Last week, my son and I went to see Frozen in the theater. I'd only seen the teaser trailer with the living snowman and the dog-like reindeer, so I had little idea what it was about, but it looked like fun. It turns out it's about a misunderstood, quirky princess who feels like life in the palace is keeping her back from truly expressing herself (Cf. every Disney movie ever).
You should stop reading here if you want to avoid spoilers, as I'm about to jump right to the climax of the film. The queen's magic power-slash-curse has frozen the whole kingdom in an eternal winter and accidentally frozen the heart of her sister, who is now about to die as a result. She's been told that only an act of true love can melt her frozen heart and save her life.
Of course, the guy she thought she was in love with is really pretty evil and the "fixer-upper" guy she's been adventuring with (named Kristoff) is clearly her true love after all.

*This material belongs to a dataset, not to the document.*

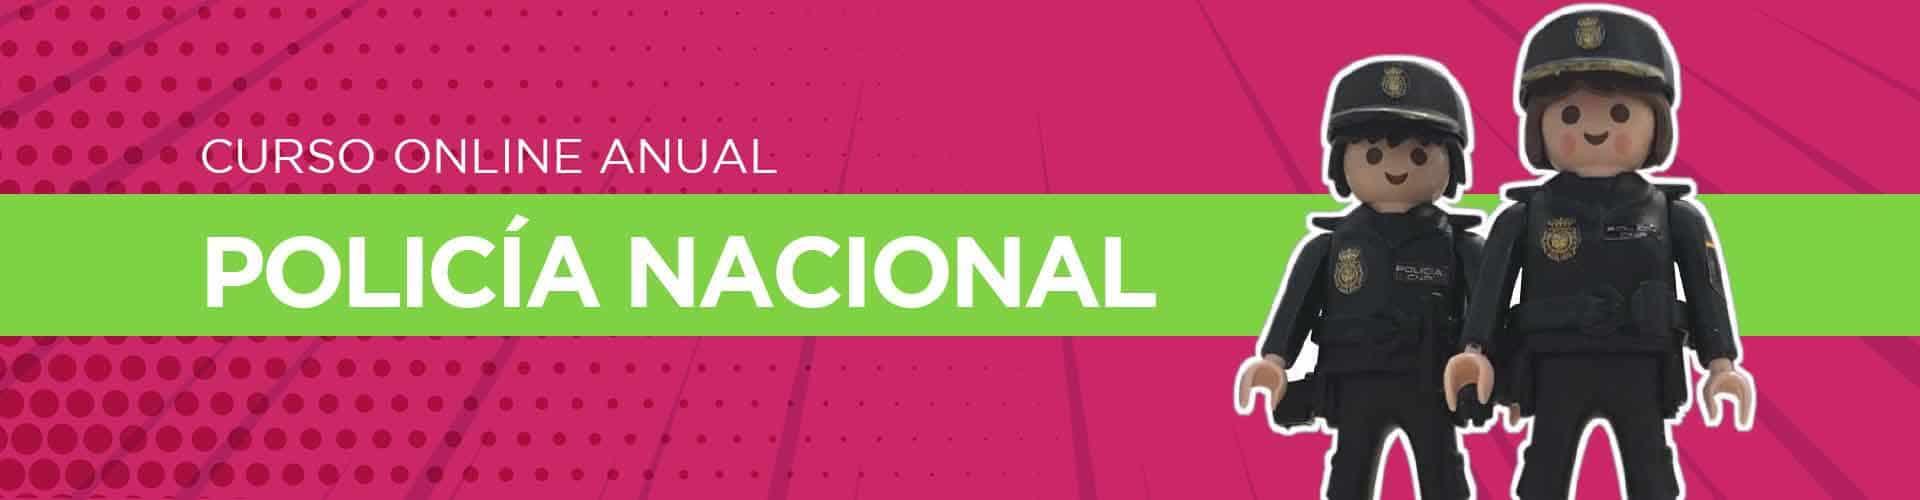 Academia de Policía Nacional online Fonseca

The snow clears just long enough for them to see each other, and they are closing in for the kiss.
That's when my pastor-brain clicked: what a great sermon illustration this would be! Not unlike The Matrix when the kiss of Trinity brought The One back after he sacrificed himself, this would be a picture of how Christ (duh, Kristoff as Christ a la The Truman Show) saves us from the terminal ice in our hearts, etc., etc. But then Princess Anna saw her sister about to be killed by the Surprise Bad Guy and she veered off course, thrusting herself in the path of the sword, turning to ice just in time to stop the blade and save her sister. The sword shattered (for some reason), and my pastor-brain started trying to spin this in a way that would save the potential sermon illustration.
Before it could, though, Anna turned back into flesh and bone, saved by her own act of love, rather than the love of Christ(off). Then the whole eternal winter (see "curse of sin," a la The Lion, The Witch, and the Wardrobe) thawed and everyone was saved. What a shame: another humanist message encrypted in a children's show, designed to teach kids that the Answer lies within themselves. It sucked that it turned out to be a borderline-satanic story because the music was amazing, the story compelling (by Disney standards), and the jokes side-splitting. Oh well; file it under "anti-Christian propaganda" with most everything else. Right?

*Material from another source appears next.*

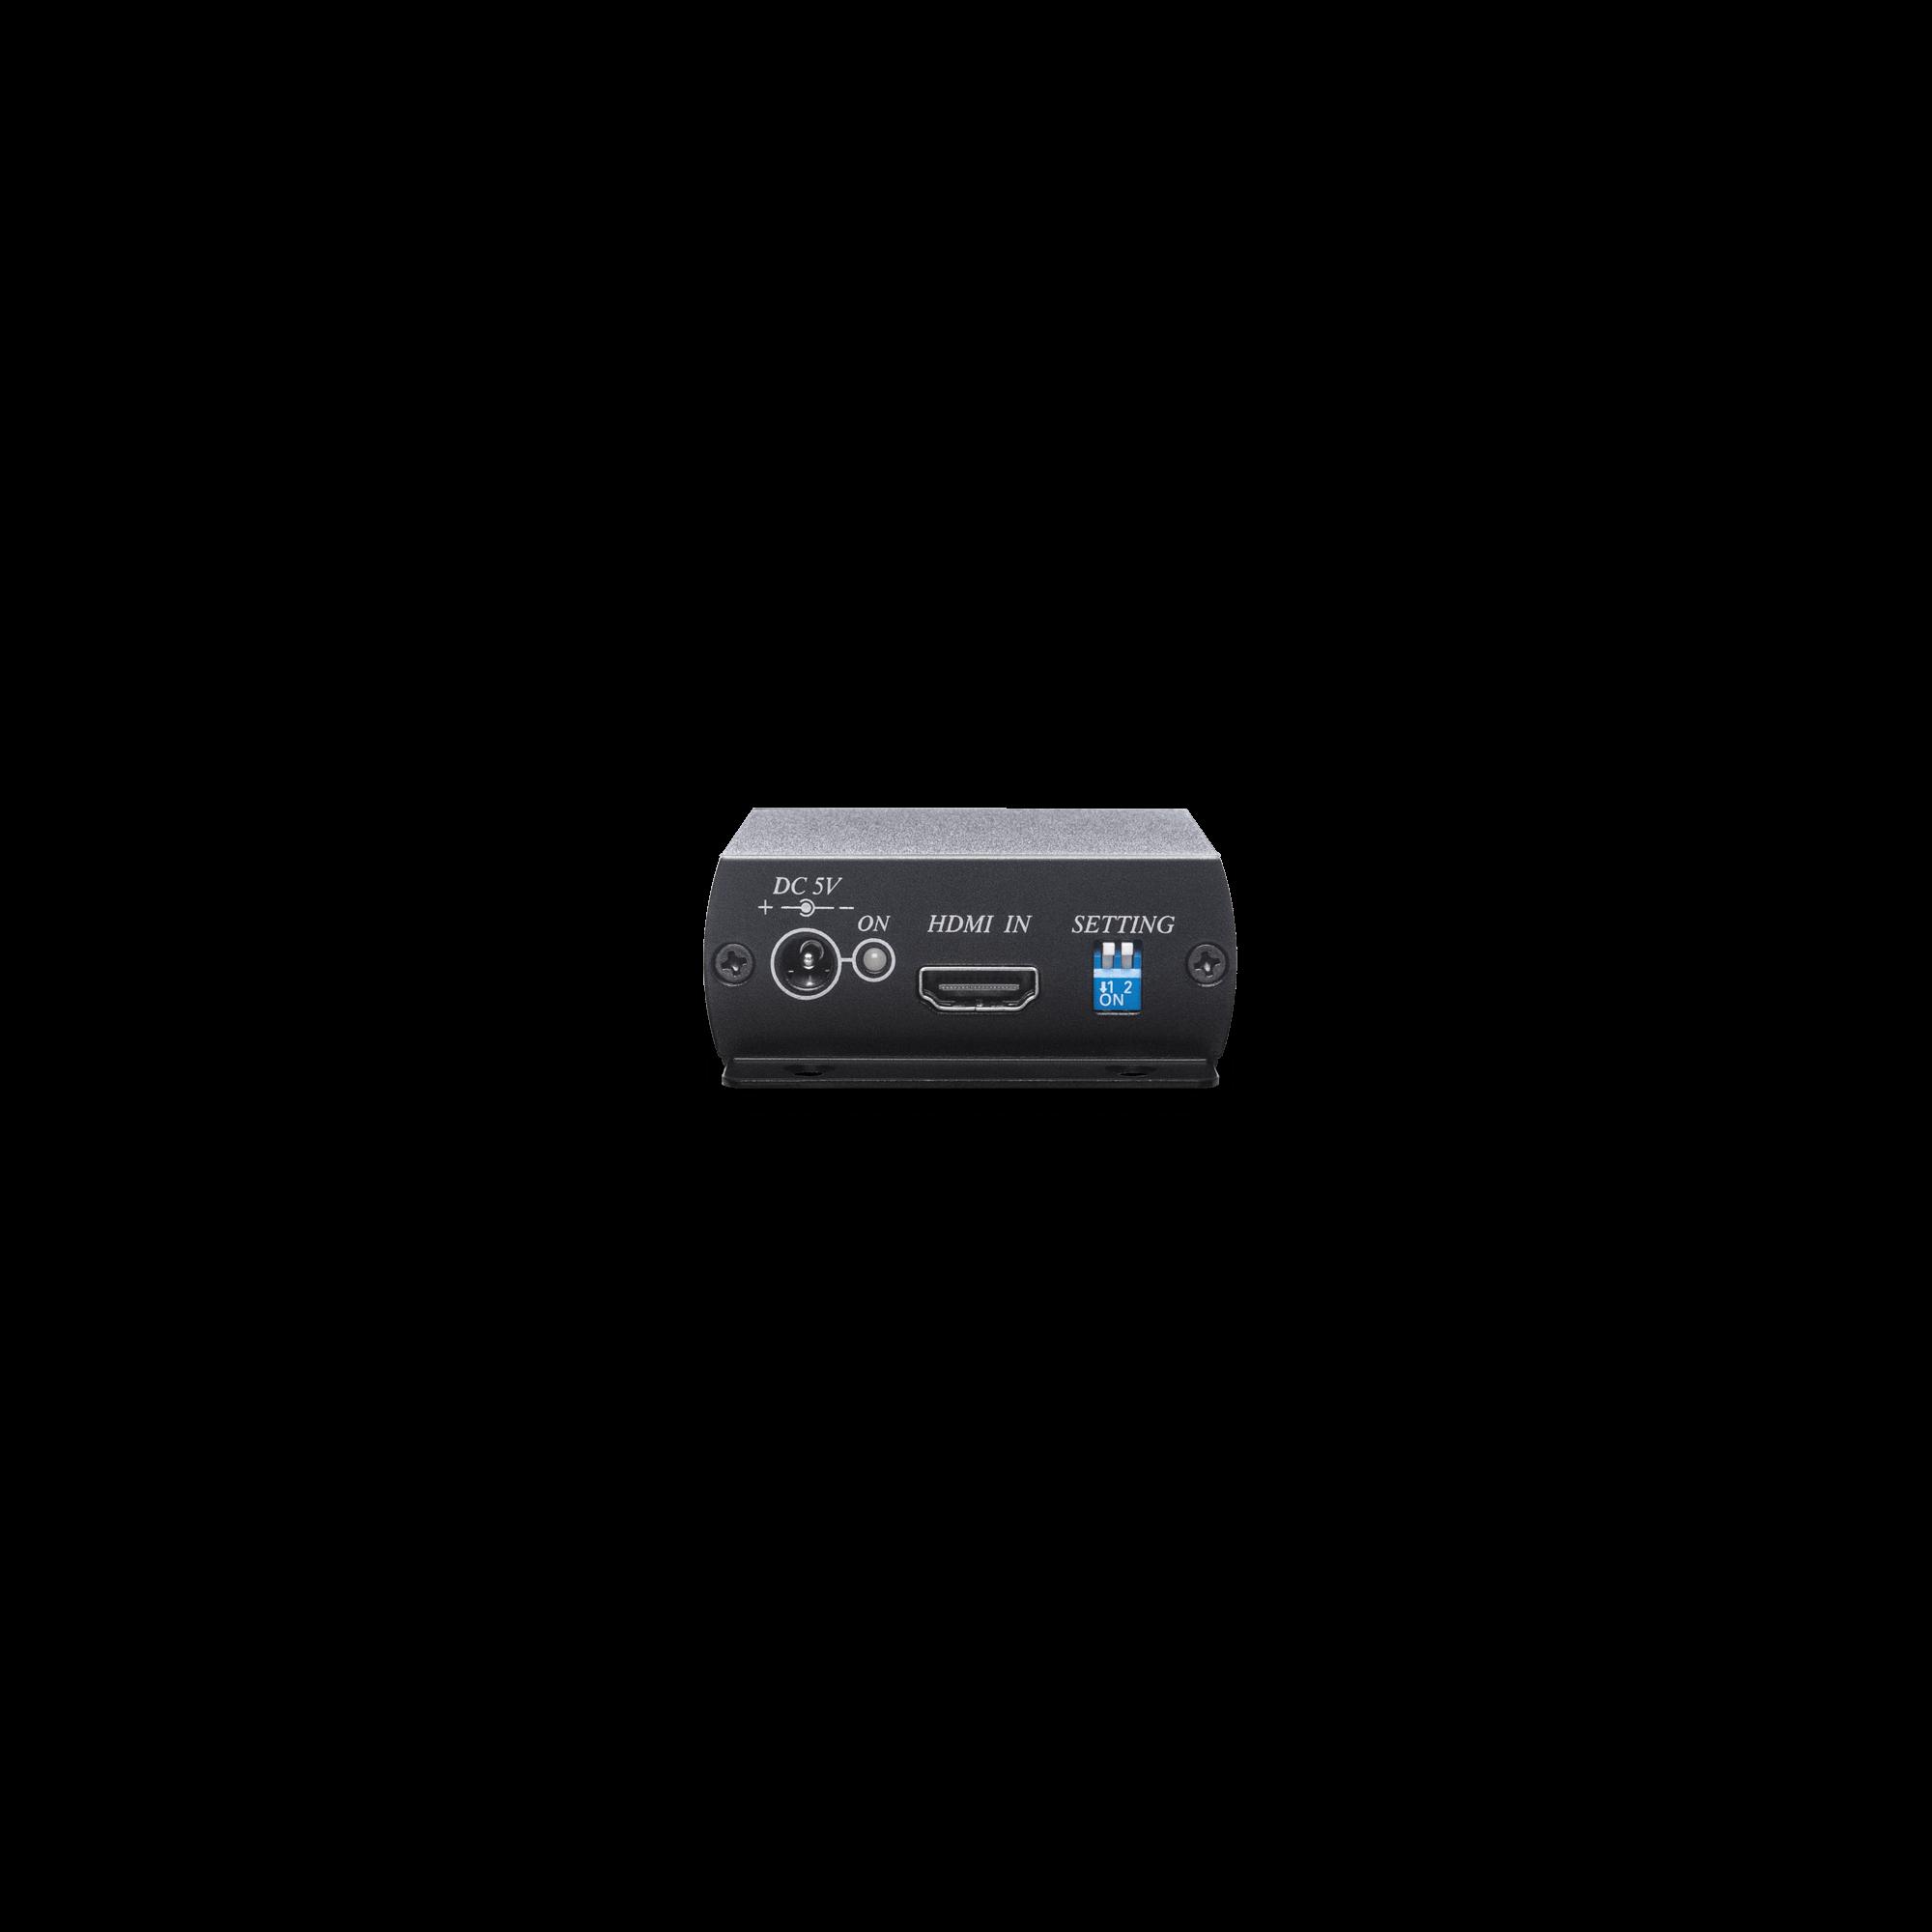 HDMI CAT5e Extender-Single CAT5e cable 1080p 50M

My brain started filling in the details: the Ice Queen had created life (at least two sentient snow creatures) and we had seen her holding an orb and scepter, like many Gods (including Christ) have been portrayed, and her father wore a Maltese cross with a dove on it. All of this points toward: you don't need Jesus; you can save yourself. In fact, hadn't she kind of saved God? Now I was getting mad.

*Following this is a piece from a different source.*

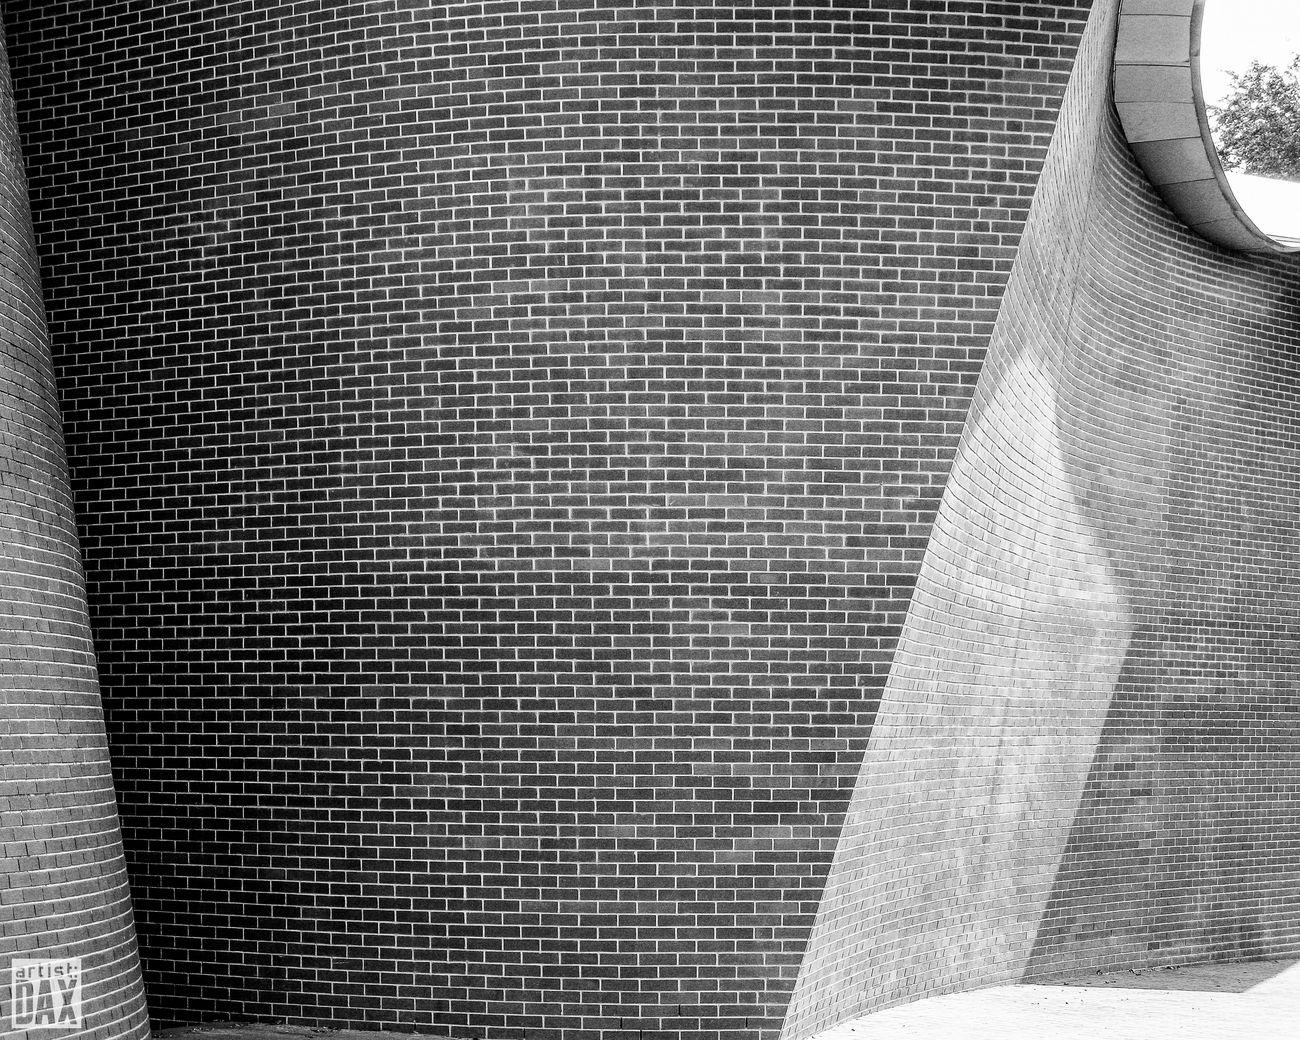 MARTA Herford 3 [ throwbackthursday ] artist:DAX PHOTOGRAPHOHOLIC | born to capture | ArtistDAX PHOTOGRAPHOHOLIC Architecture Mobilephotography_city Urbanexplorer Germany Cityexplorer Absract Architecture Urban Museum Marta Herford Urban Architecture Museum Blackandwhite Monochrome _ Collection Nordrhein-Westfalen Northrhein Westfalia Showcase: June EyeEm Best Shots - Architecture EyeEm Gallery Monochrome Travelgermany Silenceinthecity

This all happened inside my head in less than a second. It doesn't take any time or thought because the neural pathways have been well-worn by a lifetime of similar paranoid thought all around me in the Church: from back-masking records in the eighties to sounding the alarm re: Harry Potter and such more recently. Everything that's not explicitly Christian in message is fair game to be called out as the very opposite.
But WHY? This is exactly the kind of revisionist reader hermeneutic the Church has been railing against in recent years; so why do we selectively reinforce it? Because here's the thing: much like AC/DC never stood for "Against Christ, Devil's Children" (in fact, the name came from the side of a sewing machine!), Kristoff was not named such in order to be a Christ figure, but as an homage to Hans Christian Anderson, who wrote The Snow Queen (along with Characters Hans and Anna). I was importing the very stuff that was raising my ire.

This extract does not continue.